Now for an embarrassing admission: I didn’t realize until I was several essays into the book that all of its contributors are women — a fact that, curiously, is not mentioned in the back-cover description or even in the introduction. (Obviously, I didn’t look at the table of contents very closely.) As it turns out, the Berkeley-based Seal Press “publishes books with the goal of informing women’s lives.” So that explains why an all-women cast makes sense for this publisher. But does it make sense for this subject matter? Since loving and leaving New York is such a gender-neutral topic, I couldn’t help but feel that it was odd and a little disappointing to only get women writers’ perspectives.

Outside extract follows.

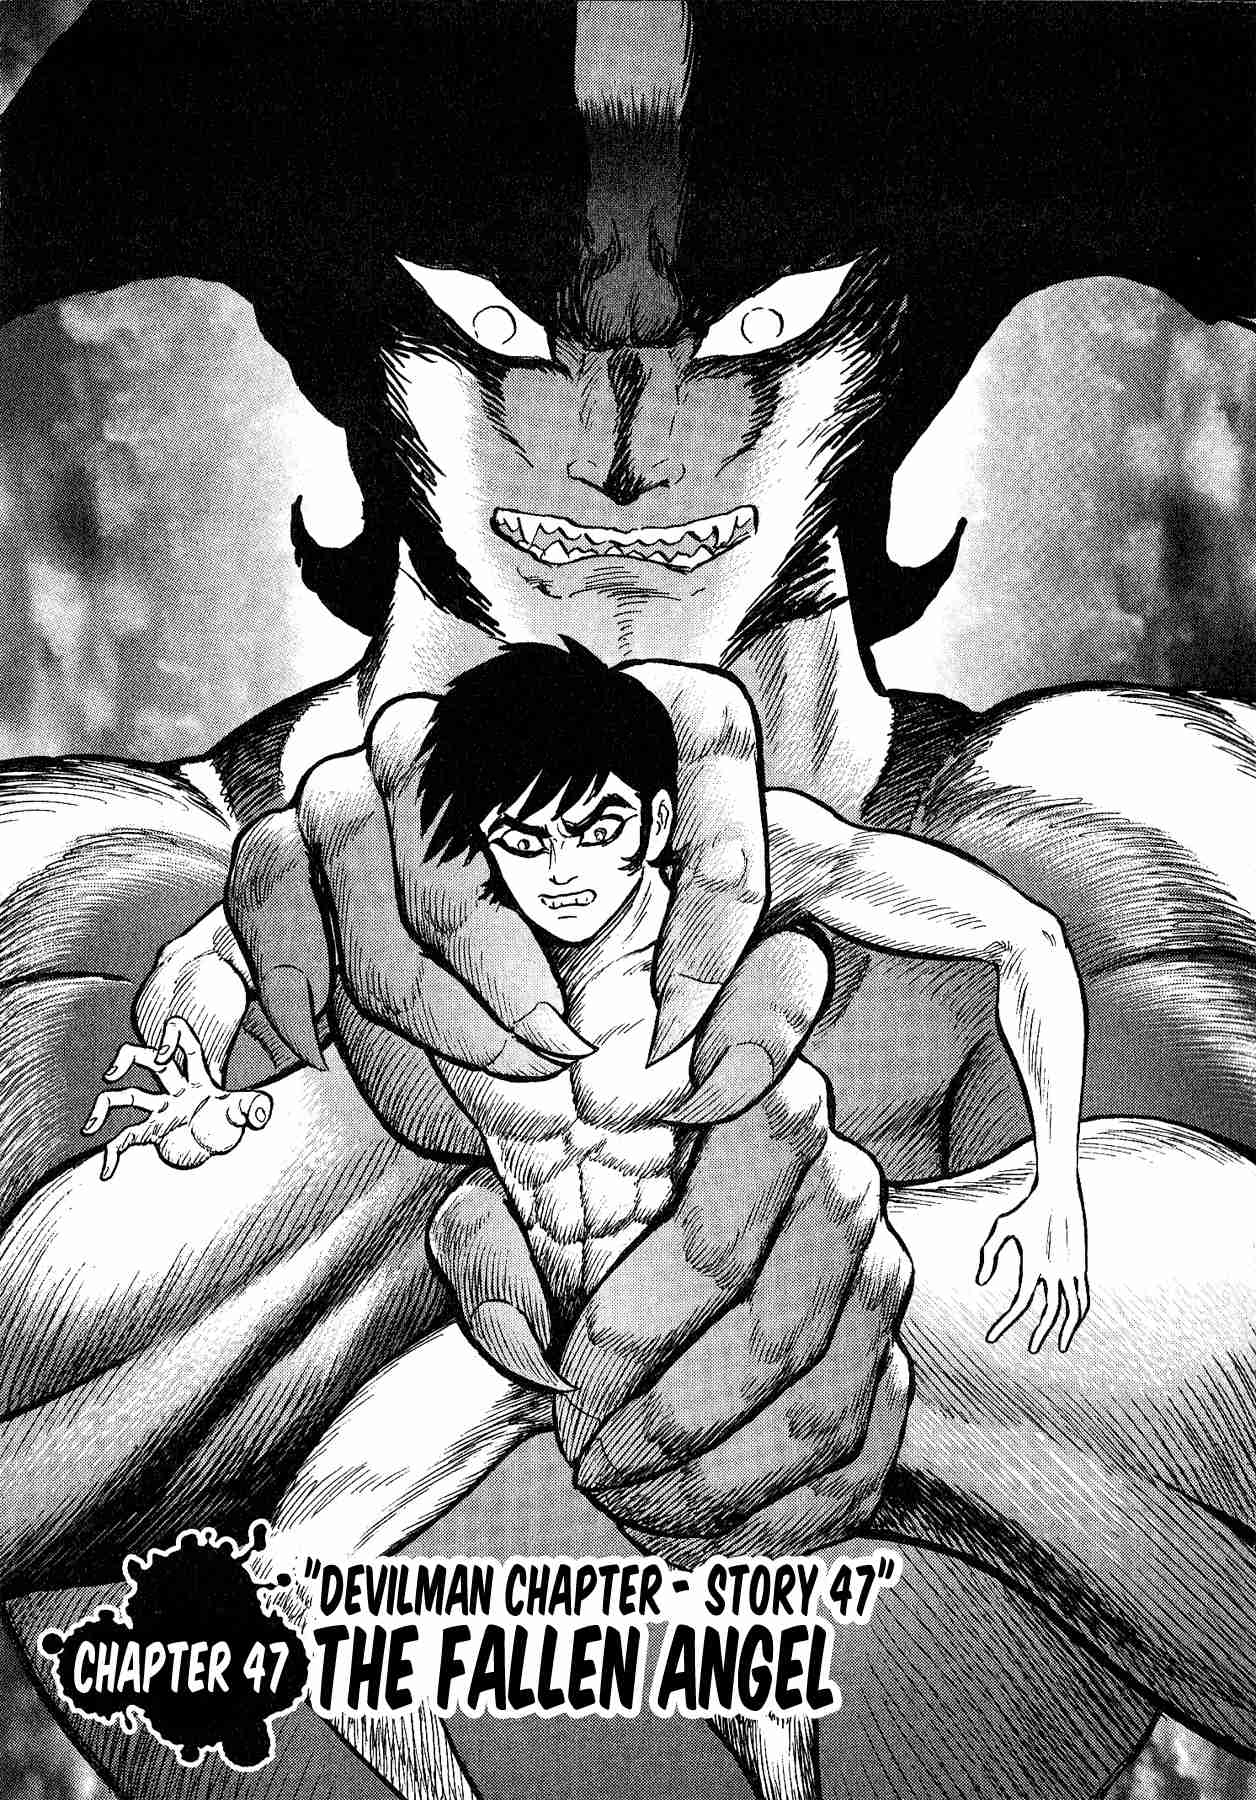 Gekiman! Devilman Chapter Vol. 6 Ch. 47 The Fallen Angel
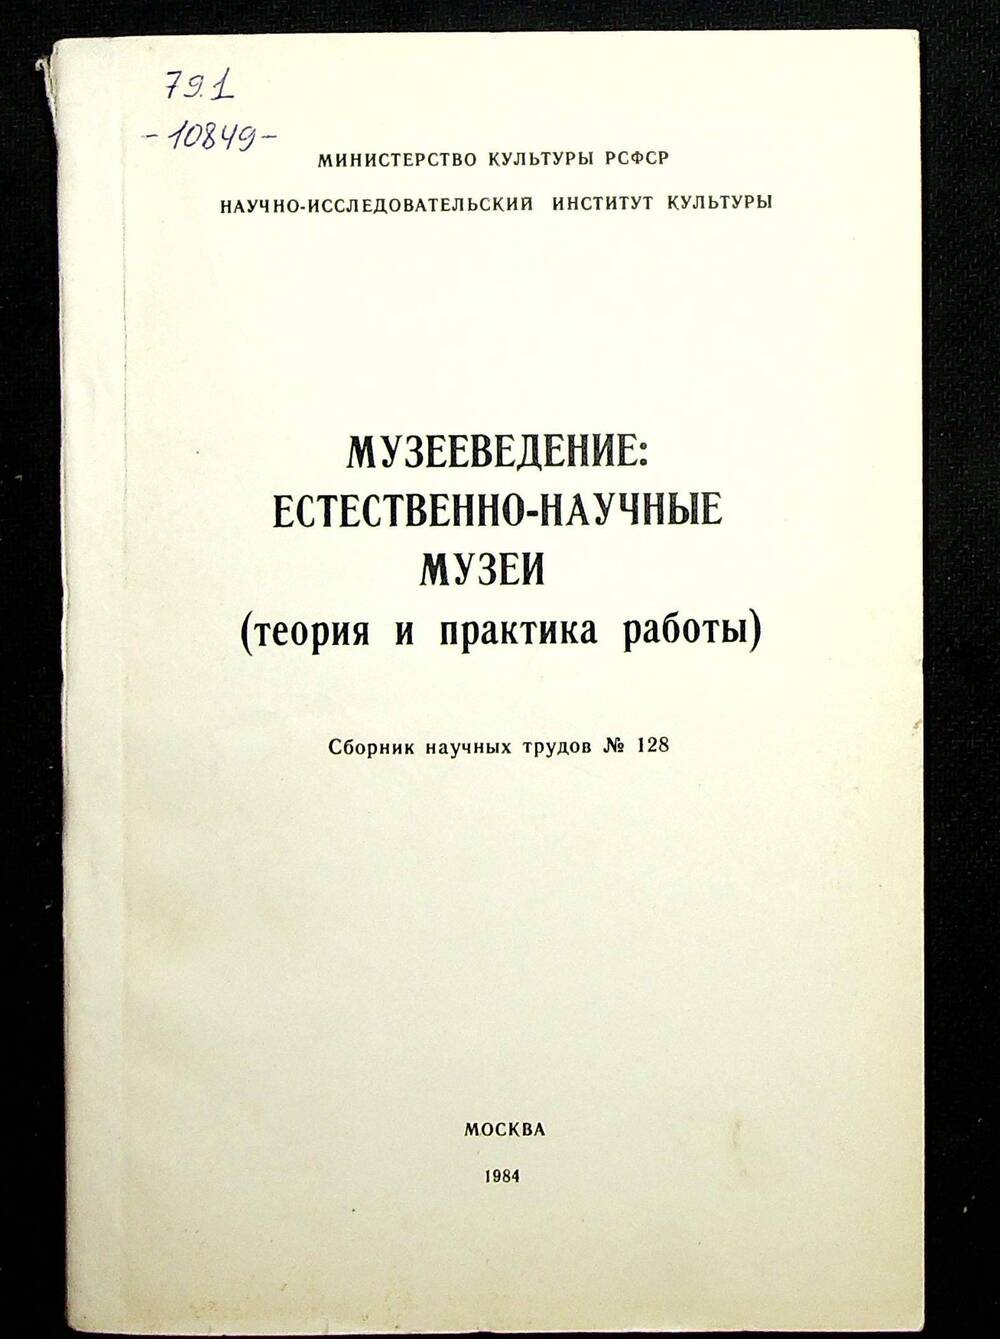 Книга. Музееведение: Естественно - научные музеи. Москва, 1975 г.

That said, I am grateful to Botton for introducing me to so many talented writers. I especially enjoyed Ruth Curry’s essay, in which she gets herself established in New York only to follow her boyfriend to New Zealand, a move that she makes even while feeling “fleetingly, in some pre-sentient way, that this was not going to end well.” Spoiler: it does not end well, and her account of living on the margins of a depressed small city in a foreign country is finely realized. (Another spoiler: Curry eventually winds her way back to New York and now lives in Brooklyn, as do a few of the other contributors. These essays are about leaving New York, but not necessarily leaving it forever.)
Another of my favorite entries was Botton’s own, aptly titled “Real Estate.” For more than a decade, from the late 1990s until the early 2000s, she had a rent-stabilized one-bedroom apartment in the East Village, for which she paid “about $600 a month” — a phenomenally good deal. Then Botton met her future husband, who had an even better situation: an 1,800-square-foot three-bedroom across the street from Tompkins Square Park, for $1,350. So she moved in. You can probably guess what happens next:
Brian and I were officially cohabiting on Tompkins Square Park for one measly month when we got the news: we were getting kicked out. The building had been awarded Landmark status, and we were allowed to stay just one more year, with our $1,350 rent nearly tripled. The week after we eloped, at thirty-nine and forty-two, we welcomed two roommates to help us afford the place. Yes — we got married and then we got roommates.
Your enjoyment of this collection will probably depend on your interest in anecdotes like this — which is to say, it will depend on your own level of involvement with the subject. If, like many of these contributors, you retain complicated or unresolved feelings about New York, you will probably find much to admire here. The essays do a great job capturing how the city can simultaneously feel like the greatest on earth and a terrible place to actually live. And they are full of the kind of urban survival stories that New Yorkers love to tell each other.
If, on the other hand, you do not consider New York the center of the cultural-artistic-intellectual universe, and the beacon to which all interesting, creative young Americans are inevitably drawn — well, you may find your patience tested by the similarity in narrative arc in so many of the essays, as well as the multiple reverential evocations of New York as a magical metropolis of infinite possibilities.
In my own case, I’m happy to have read Goodbye to All That, and now I’m happy to put it aside. Having finally made the break, I really don’t want to be one of those former New Yorkers who is constantly comparing everything to New York. And so my next order of business is to shut up about all that and move on.